Viomundo — Frequentemente críticas a Israel são tachadas de antissemitismo. Essa blindagem não é perigosa? Não seria uma forma de impedir o debate, ajudando a acobertar as atrocidades cometidas por Israel contra civis palestinos?

Bernardo Kucinski —Eu não tenho dúvidas de que um determinado tipo de narrativa crítica a Israel cruzou a linha e se tornou antissemita. Isso se dá em dois planos: um, que eu chamo de metafísico, totalmente inconsciente, no qual o atual mito da luta do mal absoluto (Israel) contra o bem (causa palestina) vai se encontrar com o velho mito do judeu que usava sangue de criancinhas para fazer o pão ázimo; o outro, mais visível, se dá no plano lingüístico, e é consciente, deliberado, como nesse incidente de associar a palavra cão à palavra judeu, ou quando você nas suas perguntas usa expressões como “Holocausto dos palestinos”  e “manipulação de informação pelo Mossad”.

Viomundo — Você não receia ser visto como sionista? Por quê?

Bernardo Kucinski — Não é ideologia que está em discussão (nem a minha nem a da Vila Vudu) e sim mentalidades e honestidade intelectual. Mas faço questão de dizer que tive a felicidade de ser formado pelas duas grandes utopias judaicas do século passado: o socialismo e o sionismo, e não renego nenhuma delas, embora ambas tenham sofrido pesadamente as agruras da história.  Nem o sionismo nem o socialismo são aventuras encerradas.

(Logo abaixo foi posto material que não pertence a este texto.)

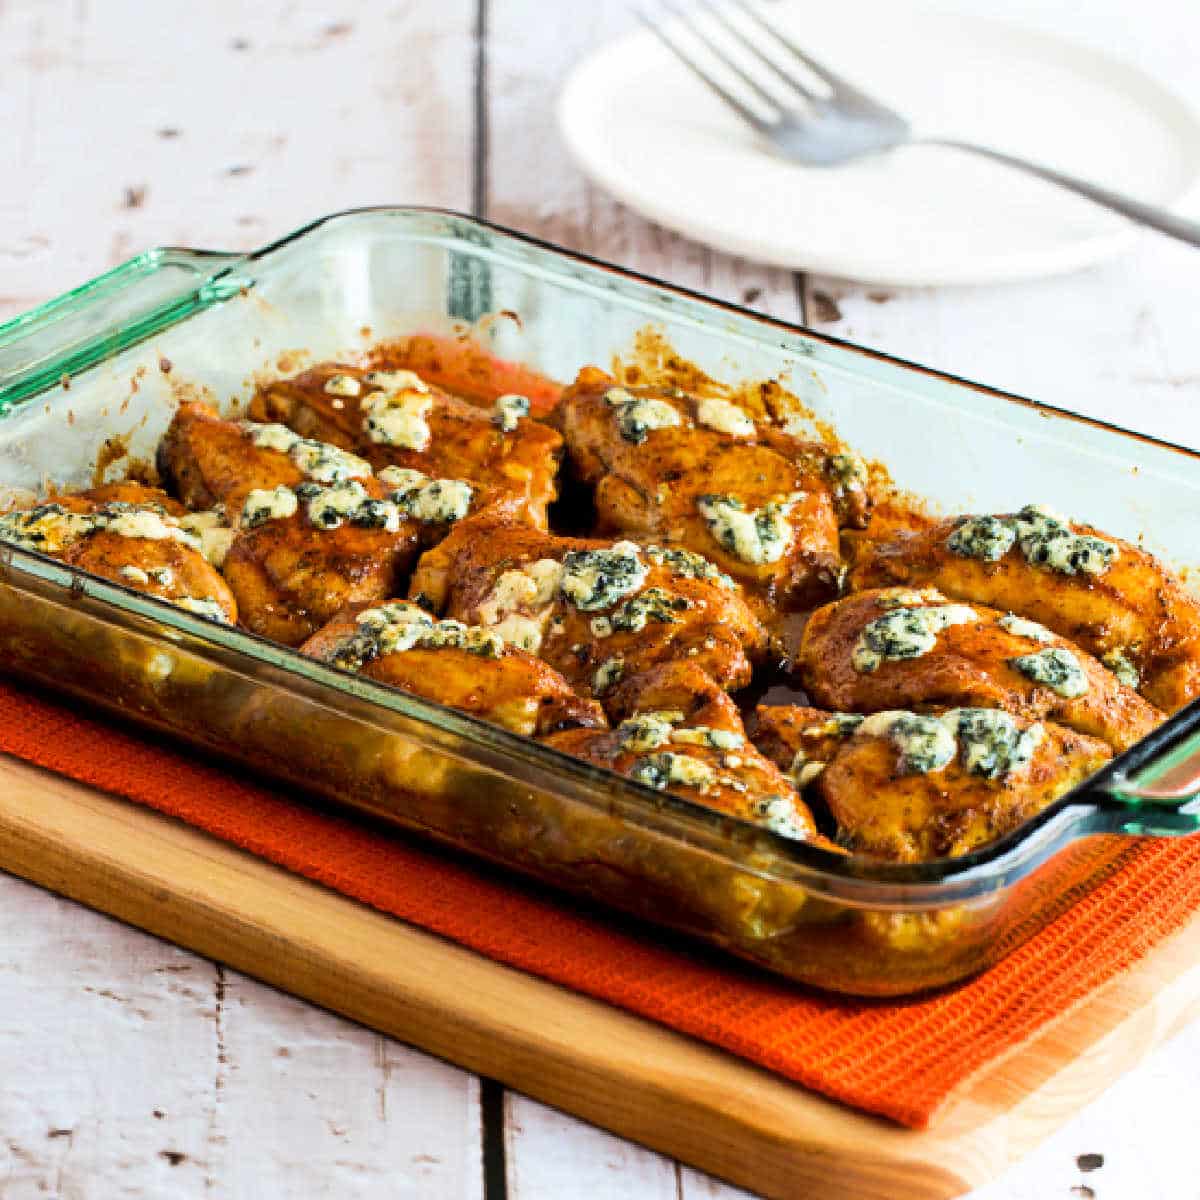 Square image of Baked Buffalo Chicken with Melted Blue Cheese shown in baking dish on cutting board.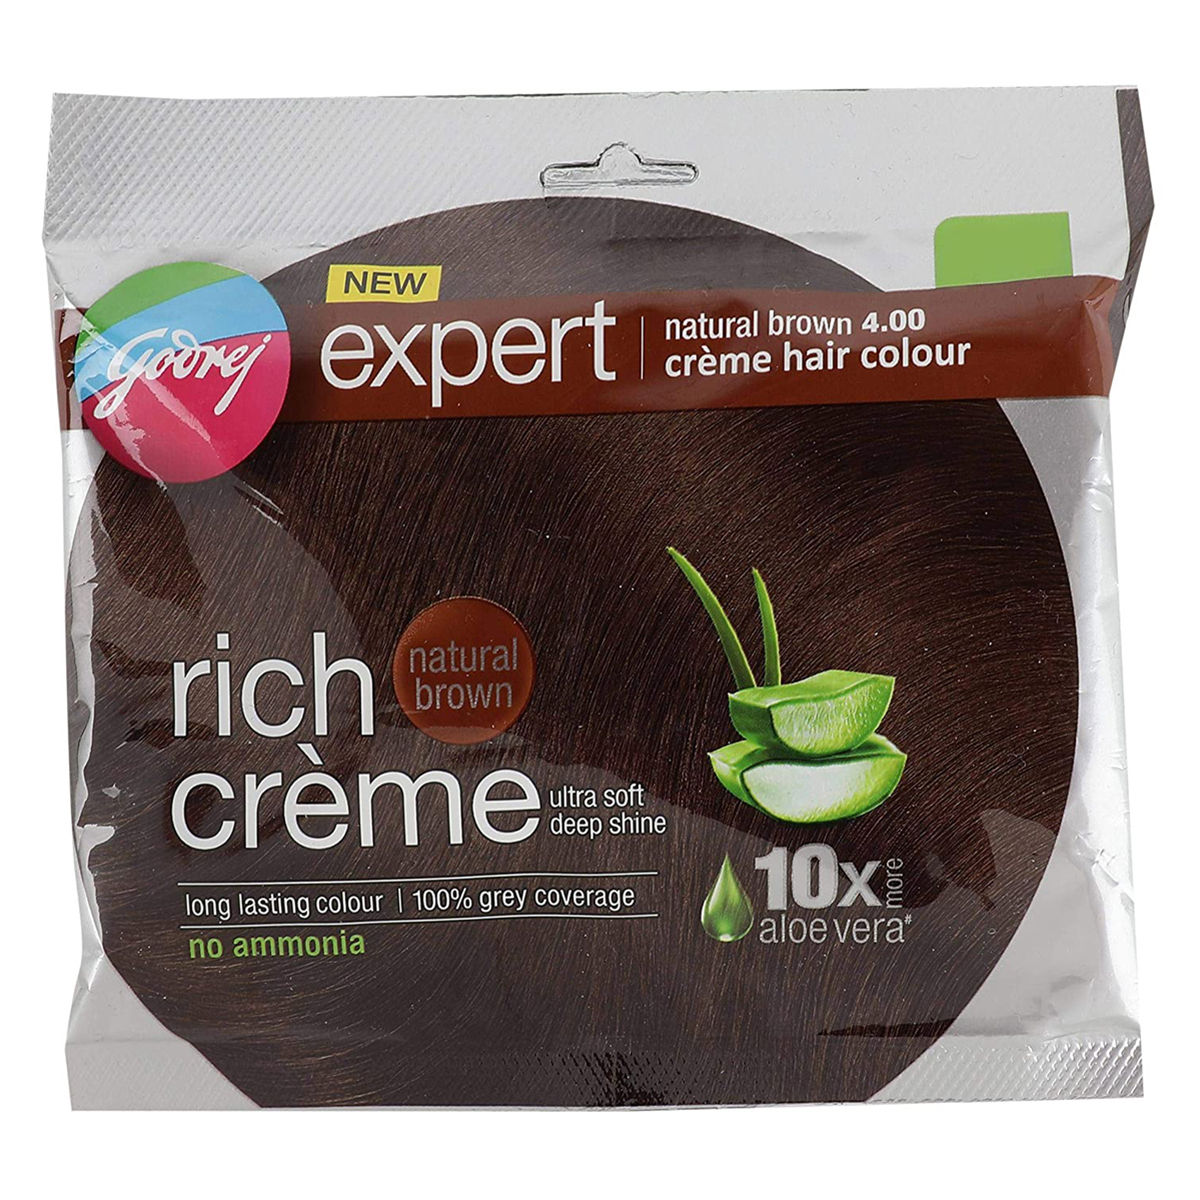 Hair colouring at home made easy with Godrej Expert Rich Crème Hair Colour  - YouTube

Viomundo — Como parte do movimento sionista, que brigou pela criação do estado de Israel, você nunca teve dúvidas a respeito da legitimidade do pleito, principalmente da maneira como se deu, com a expulsão de famílias palestinas?

Bernardo Kuckinski — Por partes:

1. A legitimidade de um movimento político-social é intrínseca, o que ele pode ser é mais fraco, mais forte, tolerante ou fanático, progressista ou reacionário, etc.

2.  O sionismo não “brigou” pelo Estado de Israel, lutou, com a perda de mais de 20 mil vidas, só do lado judeu, sem contar as vidas perdidas do lado árabe.

3. O fato gerador do exílio palestino foi a invasão de seis exércitos de países árabes que não aceitaram o plano de partilha proposta pela ONU em 1947. Tivesse a partilha sido aceita, haveria hoje dois estados e não haveria a diáspora palestina. Em Israel mesmo vivem hoje 1,5 milhão de árabes (20% da população).

4. A esquerda sionista repudia a atual política expansionista de Israel. Os palestinos reivindicam o direito de retorno, ponto muito mais delicado nas negociações de paz do que qualquer outro.

Viomundo — Em algum momento, você cogitou se a questão poderia ter sido resolvida de forma mais produtiva para a paz na região?

Bernardo Kucinski — Claro que poderia. Mas, infelizmente, as sociedades humanas ainda não amadureceram o suficiente para resolver seus conflitos por métodos produtivos e sensatos e as do Oriente Médio não seriam a exceção à regra.